South Korean higher education exam

The Bachelor's Degree Examination for Self-Education System (BDES, 독학학위제) makes it possible to obtain a bachelor's degree without attending a regular college or university by passing the examination administered by the South Korean government.

The Constitution of the Republic of Korea states the government should promote lifelong education. To actualize this, "the Law of Bachelor’s Degree Examination for Self-Education" was established on 7 April 1990.

==History==
- 1990 April 7, Promulgation of the Act of bachelor's degree Examination for Self-Education (Statute No. 4227)
- 1990 June 20, Establishment of the Department of the Degree Approval at the National Board of Educational Evaluation
- 1992, The 1st Conferment of bachelor's degrees
- 1998 January 1, Transfer of the control to Korea National Open University (KNOU)
- 2008 February 15, Transfer of control to National Institute for Lifelong Education (NILE) according to "the amendment of the Lifelong Education Act"

==Major==

- Korean Language & Literature
- English Language & Literature
- Business Administration
- Public Administration
- Law
- Computer Science
- Home Economics
- Psychology
- Information & communications engineering
- Childhood Education (Only 3rd and final exam)
- Nursing (Only final exam)
- Chinese Language & Literature (Closed)
- Mathematics (Closed)
- Agriculture (Closed)

Three major fields (Chinese Language & Literature, Mathematics, and Agriculture) were closed because of the decrease in the number of applicants. But, those who already passed more than a course in the three major fields are still allowed to apply for their further examinations.
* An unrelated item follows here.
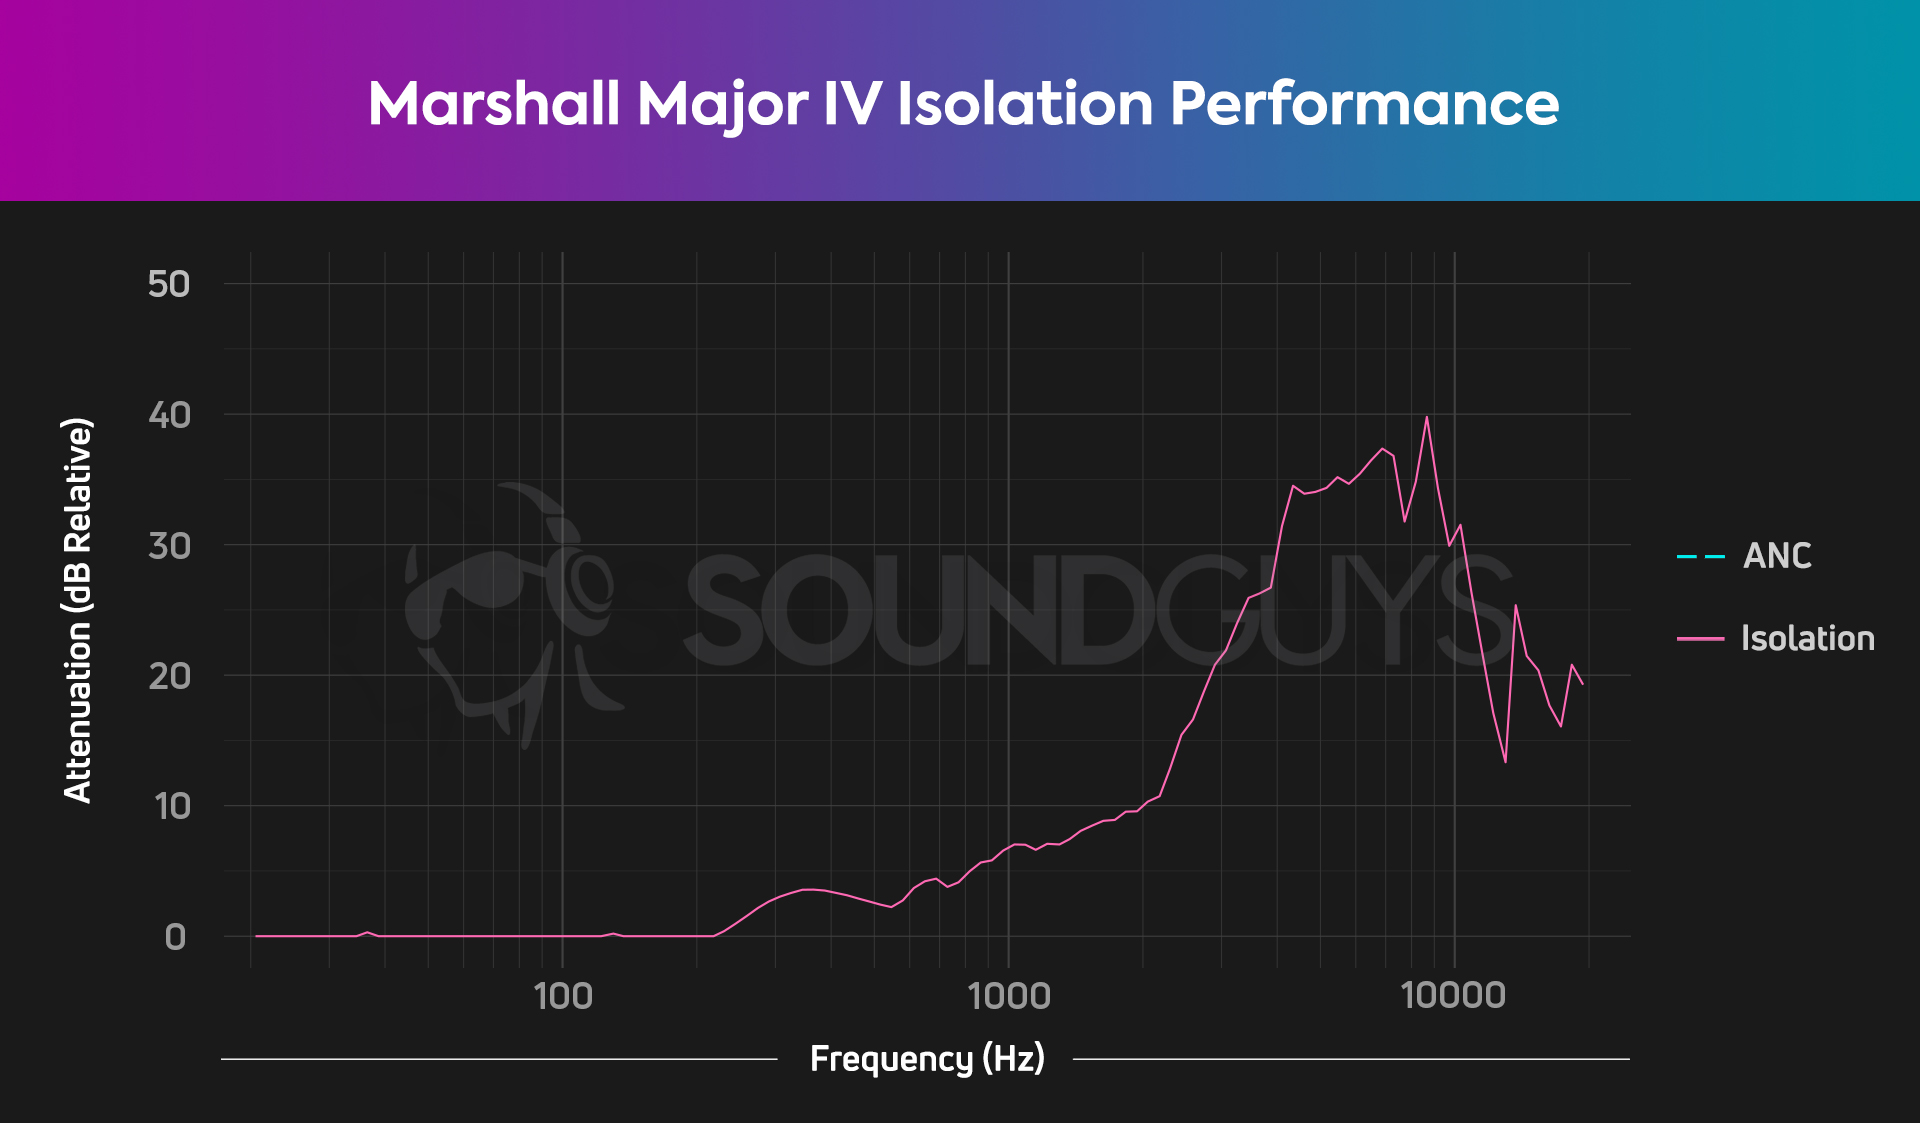 A chart shows the isolation performance of the Marshall Major IV which is okay for on-ear headphones.

Childhood education is established only in the 3rd and the final examination, and Nursing is established only in the final examination because it requires a practicum.

==Process==
There are 4 exams for obtaining a bachelor's degree. Applying for each exam requires qualification. For example, a person who is eligible to apply for the second exam does not need to pass the first exam.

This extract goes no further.